Another goal of this project is to see if the amount of people visiting parks has an impact on air quality. There isn’t one source that has air quality data for every national park, but the U.S. Department of the Interior tracks air quality metrics at certain national parks. It would be too time consuming to download separate datasets for every national park they collect data on, so the focus will be on the parks in Figure 15 since they were the most visited in 2022 (Great Smoky Mountains, Grand Canyon, Zion, Rocky Mountain & Acadia). The link to access the data is: https://ard-request.air-resource.com/data.aspx. The sites that data files were downloaded for are: ACAD-MH, GRCA-AS, GRSM-CM, ZION-DM, and ROMO-LP. The dates used were from 1/1/2016 – 12/31/2022. The parameter select was hourly Ozone. Separate files were downloaded for each of the five sites, looking identical to Figure 19. After deleting some rows in the Numbers App on my MacBook (all rows above DATE_TIME and ZION-DW_O3_PPB since they don’t contain any relevant information) and dealing with incorrect values in python, the cleaned data for Zion is shown in Figure 20, following the same procedure for all sites.

To identify incorrect values, summary statistics were produced. It appeared that there were a hand full of rows with a value of “-999” for ozone concentration. Knowing that ozone concentration cannot be below 0, all rows with a value of -999 were considered incorrect. When looking at the variance of the column with and without the incorrect values, the variance was large.
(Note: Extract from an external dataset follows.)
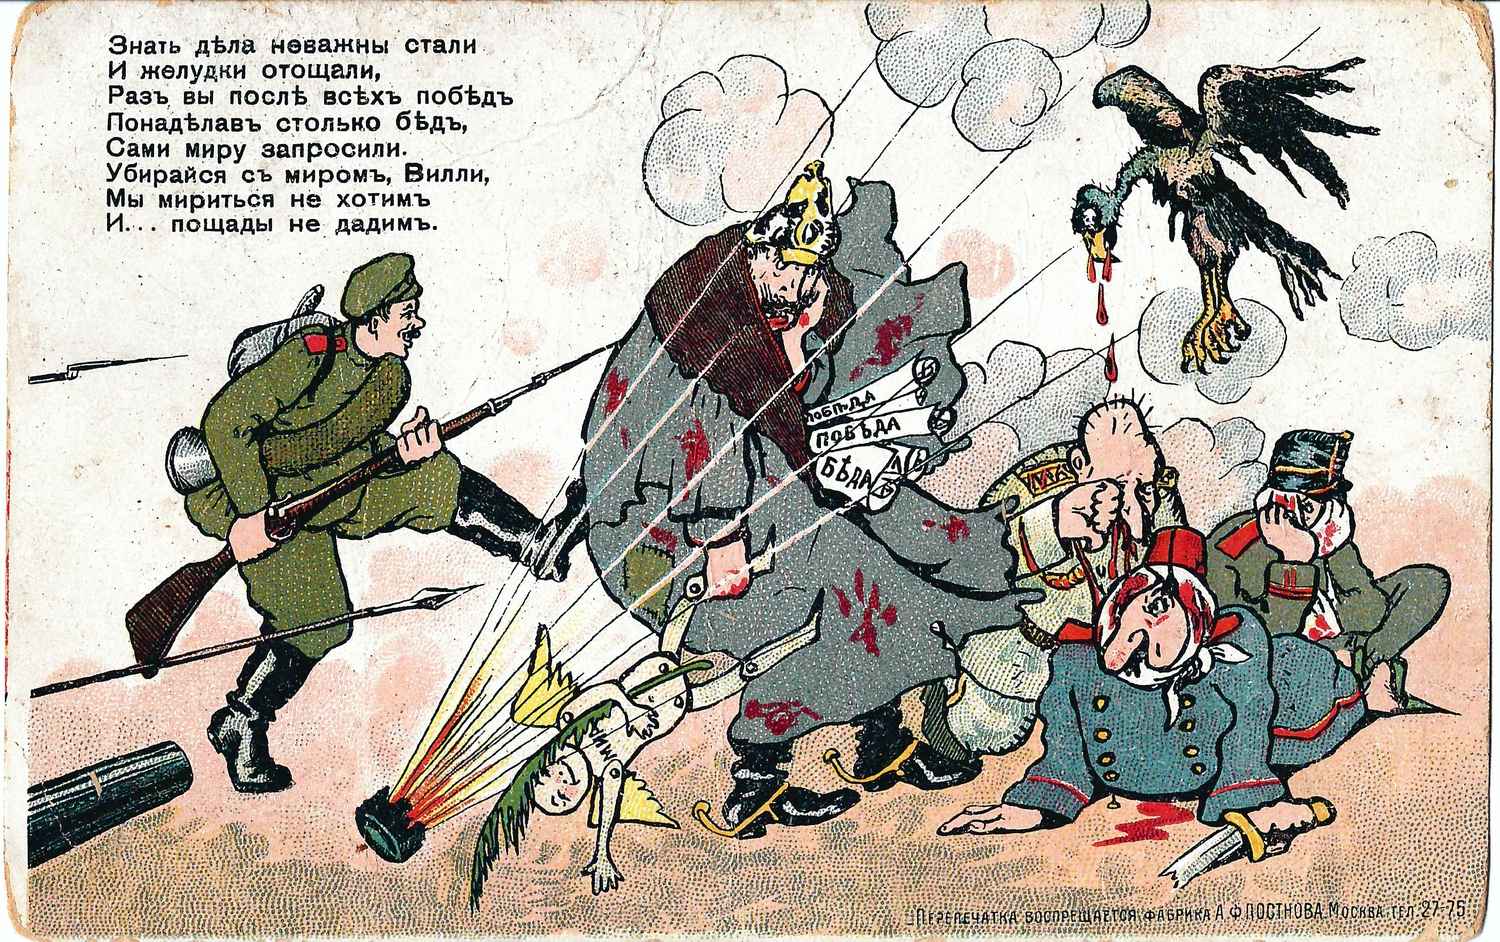 3 агитационные сатирические открытки периода Первой мировой войны. Россия, 1910-е годы.

That being said, the best option was to remove all rows with a value of -999. For Zion, 98.9% of the data was retained after removing the incorrect values and there were still over 60,000 time stamps. After removing the incorrect values, summary statistics for each park were looked at. No incorrect values or outliers were detected. An example of the yearly ozone average for Zion National Park is shown in Figure 21. Is air quality in Zion impacted by the number of visitors the park had in that year or the previous year? Figure 22 shows the number of visitors each year in Zion. It is hard to tell if air quality is impacted by visitors, the graphs seem to follow the same general trend, but a regression model might be a better way of deciding if number of visitors impacts air quality.